Throughout the 1900s this coincidence of Jesus’ birth and our weekly worship time was a delight to ministers who would see crowds gather in greater number than any other time of the year (except possibly Easter). But something changed as we headed into the new century. Maybe it was the reaction to covid, or the development of the “Mega-Church” and the explosion of church staffs and production qualities that rival Academy Awards shows. The modern “worship service” takes more people and more tech than the Death Star development in Star Wars, especially if it is broadcast over multiple campuses and the internet! Why not just pre-record it?

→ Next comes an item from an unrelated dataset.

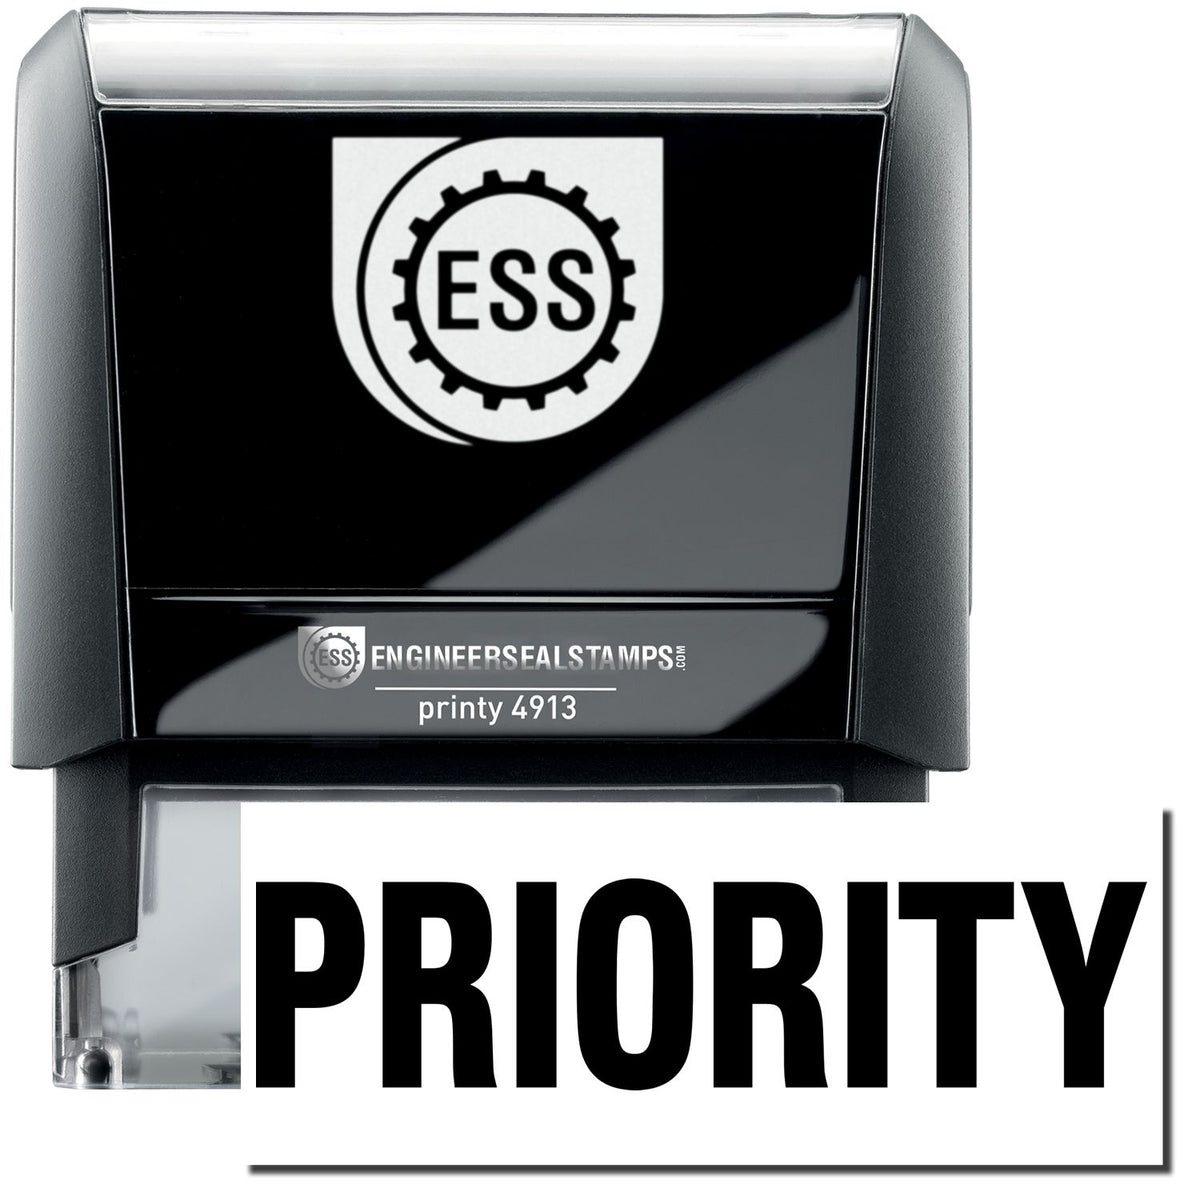 A self-inking stamp with a stamped image showing how the text &quot;PRIORITY&quot; in a large bold font is displayed by it after stamping.

Add that this year we have a “bomb cyclone❗” hitting the middle of the nation on Christmas “Adam.” (That’s the day before Christmas Eve… get it, Adam came before Eve? 😄) It seems like the weather forecasters need to cooperate with the fear-mongers at every level of government and large institutions, so they chose the most horrific words to describe what we used to call “a winter storm.” Yeah, yeah, big whoop, like we never dealt with snow and wind before. 🙄
When Christmas and Sunday rendezvous, some churches now feel the need to cancel Sunday worship so that the true meaning of Christmas can be experienced in all its fantastic, fabulous luxuriousness. After all, we know Christmas is about family and Santa Claus and presents … and eggnog! At least that’s what the agnostics and atheists say, and by actions (which speak louder than words) so does the Church when it cancels Jesus’ worship “in honor of Jesus’ birth.” Like my brother asks, “Why would I want to host a party in MY house on MY birthday!?” 😏
Happy Birthday, Jesus. We’re going to the movies rather than Your house today after we open all our presents we gave each other and not You.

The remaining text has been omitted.